### Your instructions
Skipping each picture, output the entries exactly as they stand below.

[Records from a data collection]
============================================================

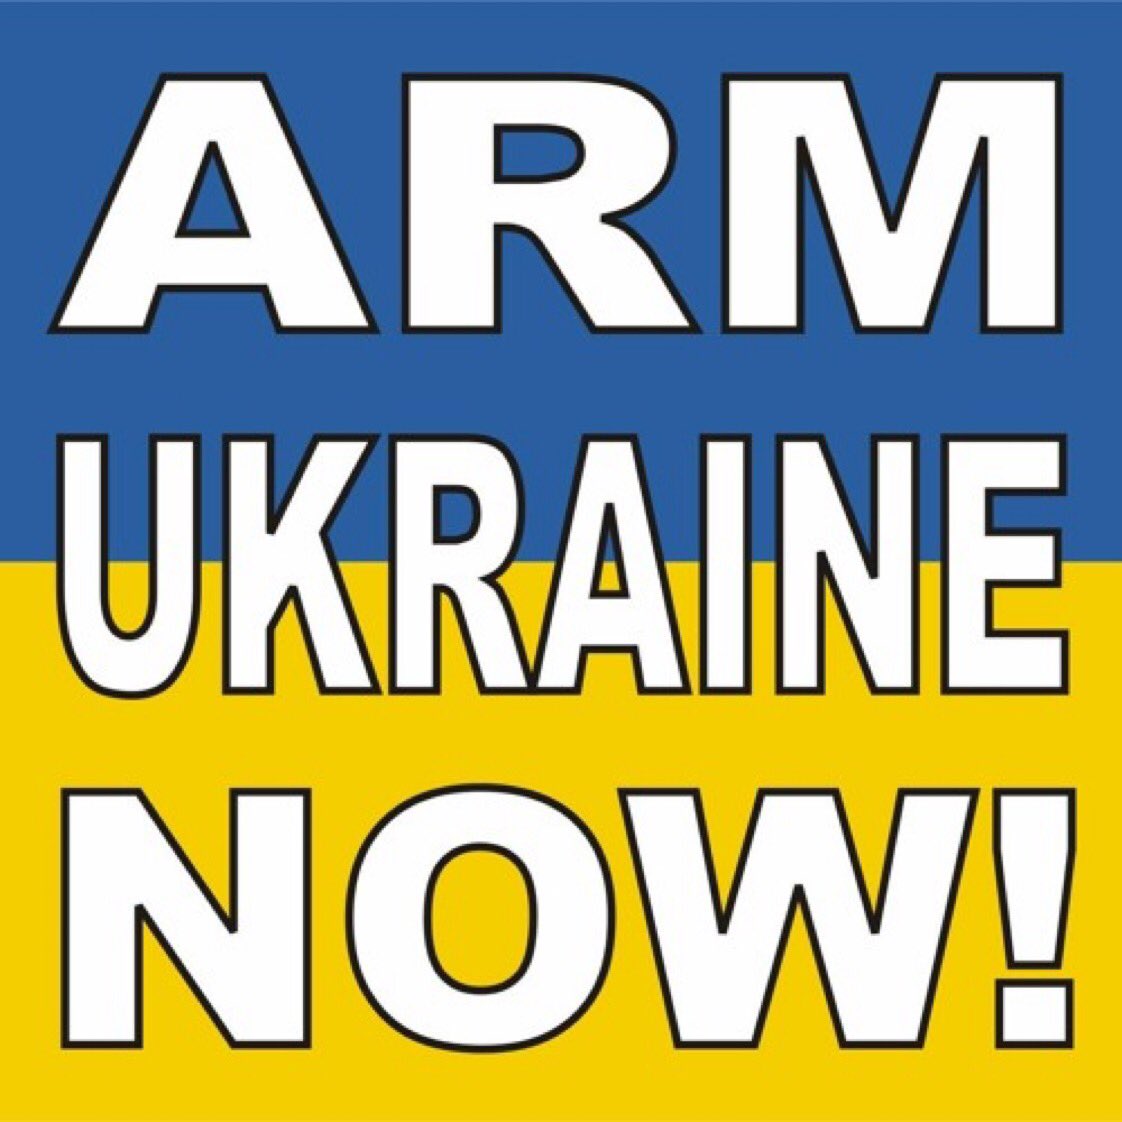 @Gerashchenko_en #PassUkraineAidNOW 
#DefendDemocracyAidUkraine 

Stand With Ukraine 🇺🇸🤝🇺🇦
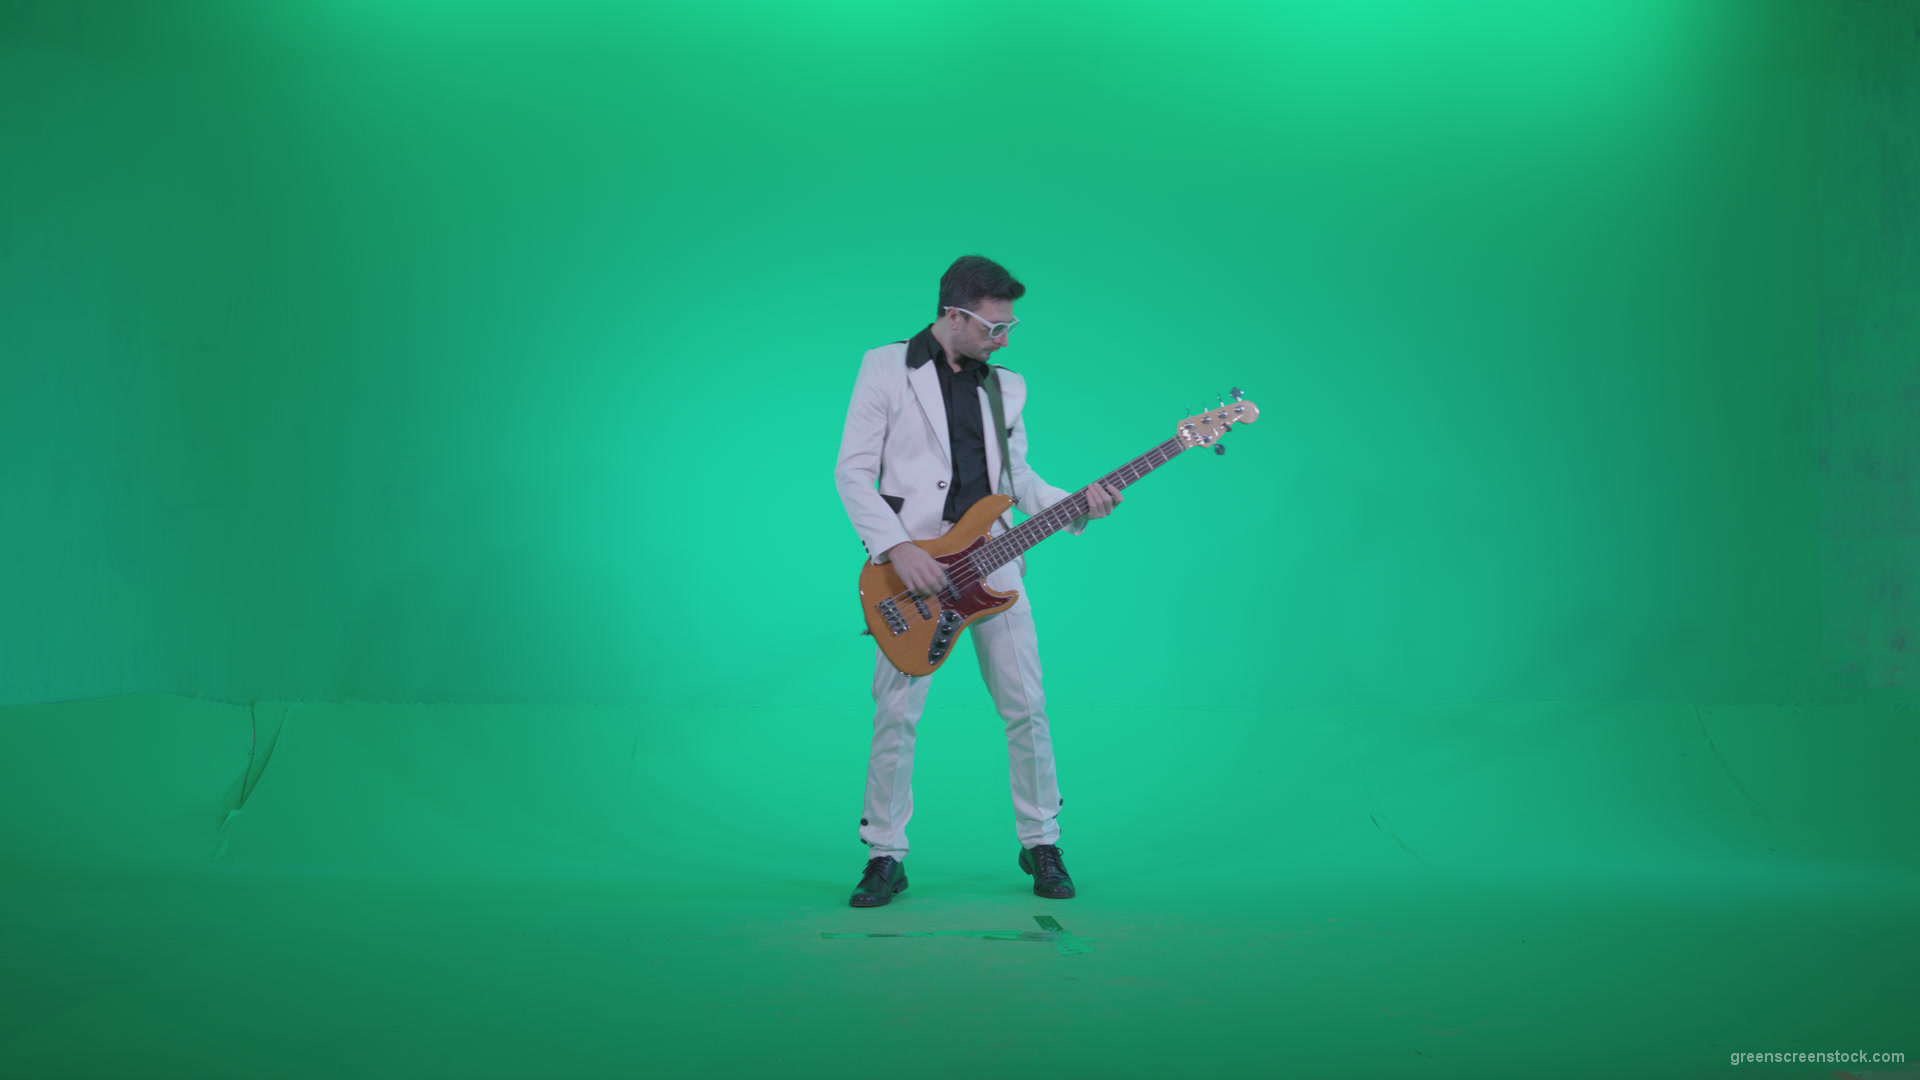 Bass-Jazz-Performer-6-Green-Screen-Video-Footage_001 Green Screen Stock
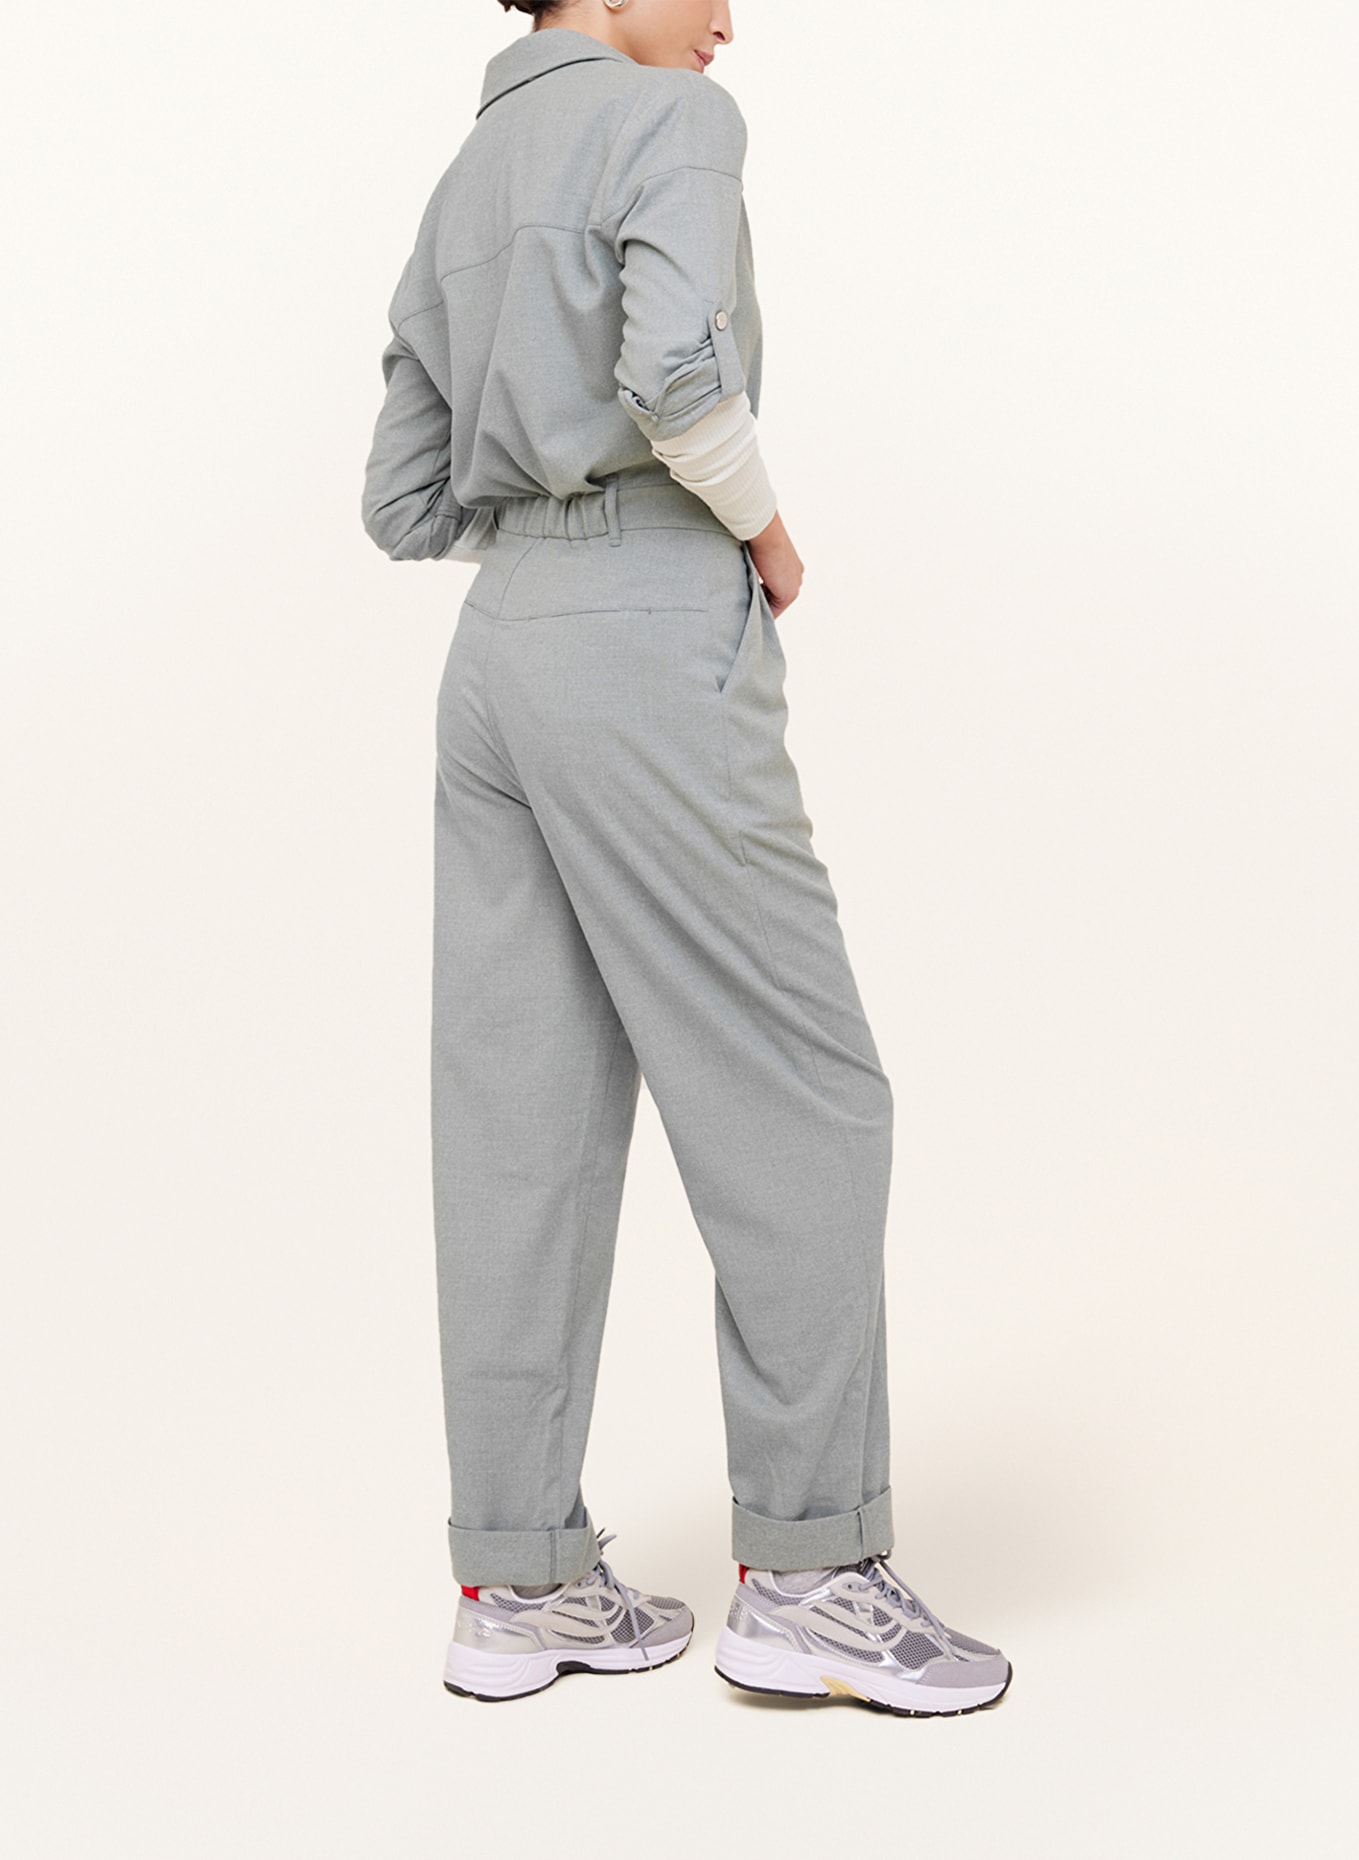 VANILIA Flannel jumpsuit, Color: GRAY (Image 3)

============================================================

### Result
 @Gerashchenko_en #PassUkraineAidNOW 
#DefendDemocracyAidUkraine 

Stand With Ukraine 🇺🇸🤝🇺🇦
 Bass-Jazz-Performer-6-Green-Screen-Video-Footage_001 Green Screen Stock
 VANILIA Flannel jumpsuit, Color: GRAY (Image 3)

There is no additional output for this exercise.